WHAT YOU NEED TO DO =>
Reproduce word for word the lines between those holding "Nike Studio Women's" and "El detalle muebles", inclusive, and nothing else from the data below.

DATASET ENTRIES =>
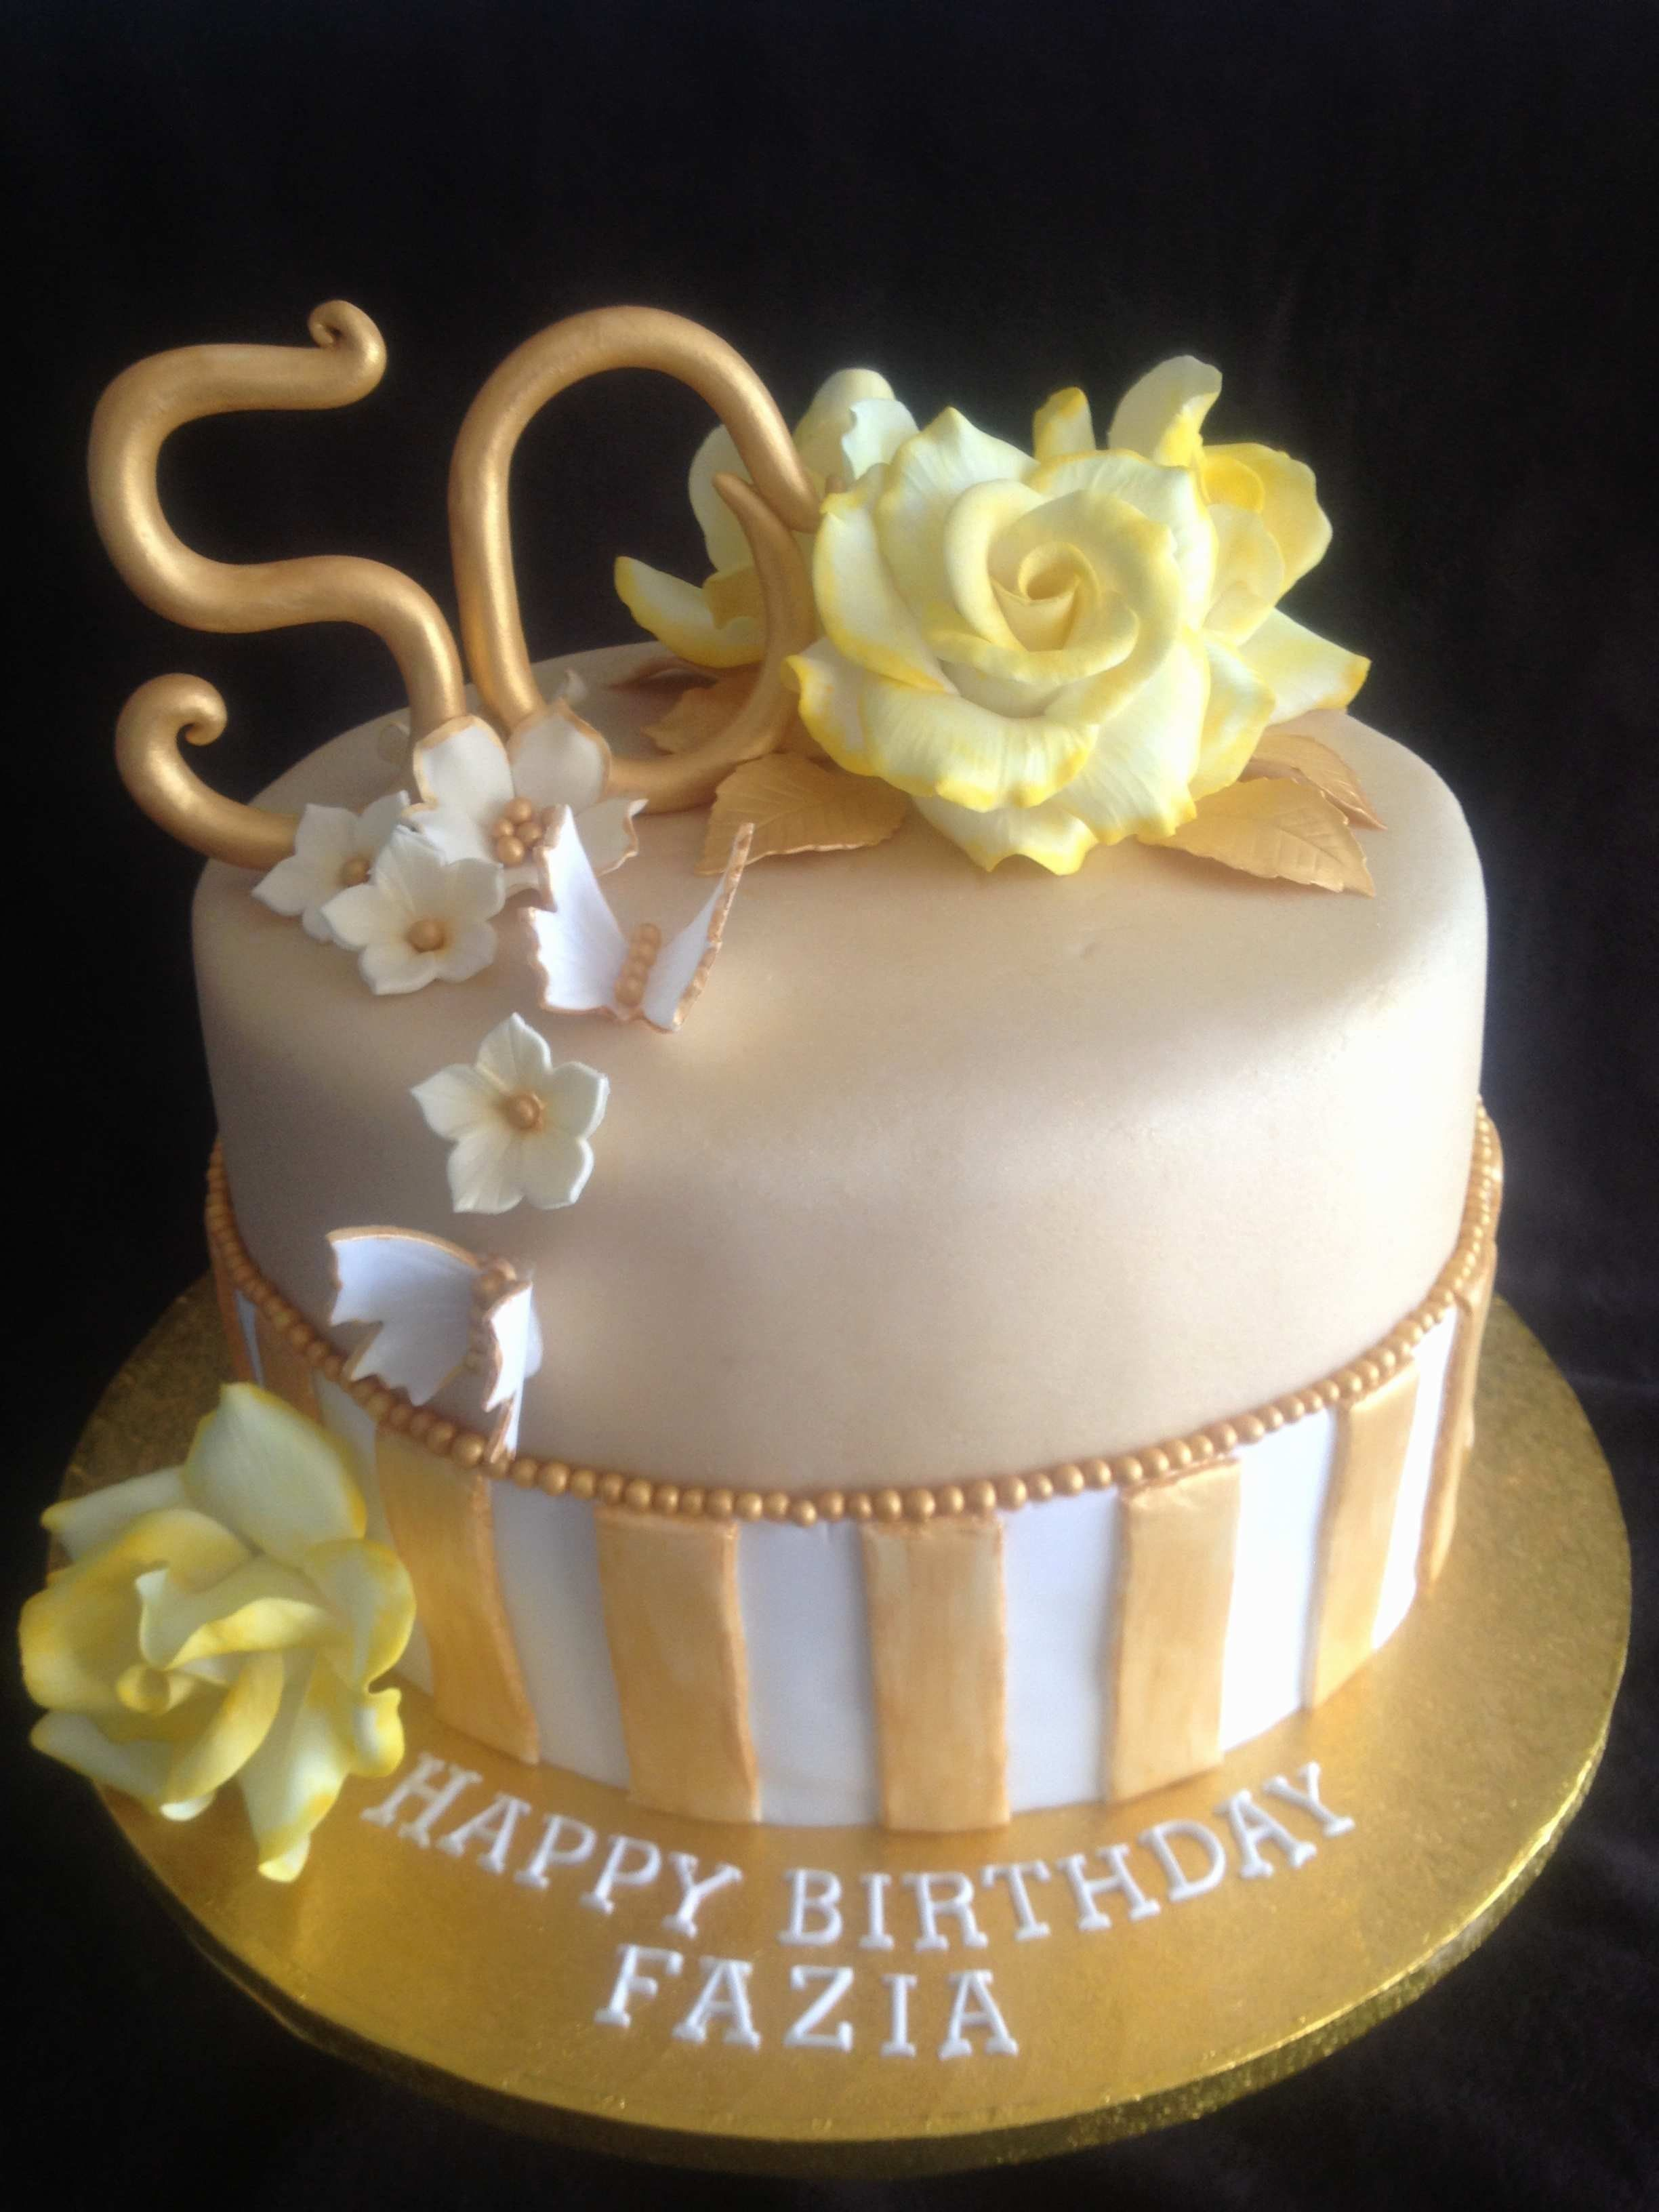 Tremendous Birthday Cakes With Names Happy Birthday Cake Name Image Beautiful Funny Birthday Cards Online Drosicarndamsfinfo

--

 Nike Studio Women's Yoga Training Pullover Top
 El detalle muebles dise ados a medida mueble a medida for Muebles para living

RESULT OF THIS TASK =>
 Nike Studio Women's Yoga Training Pullover Top
 El detalle muebles dise ados a medida mueble a medida for Muebles para living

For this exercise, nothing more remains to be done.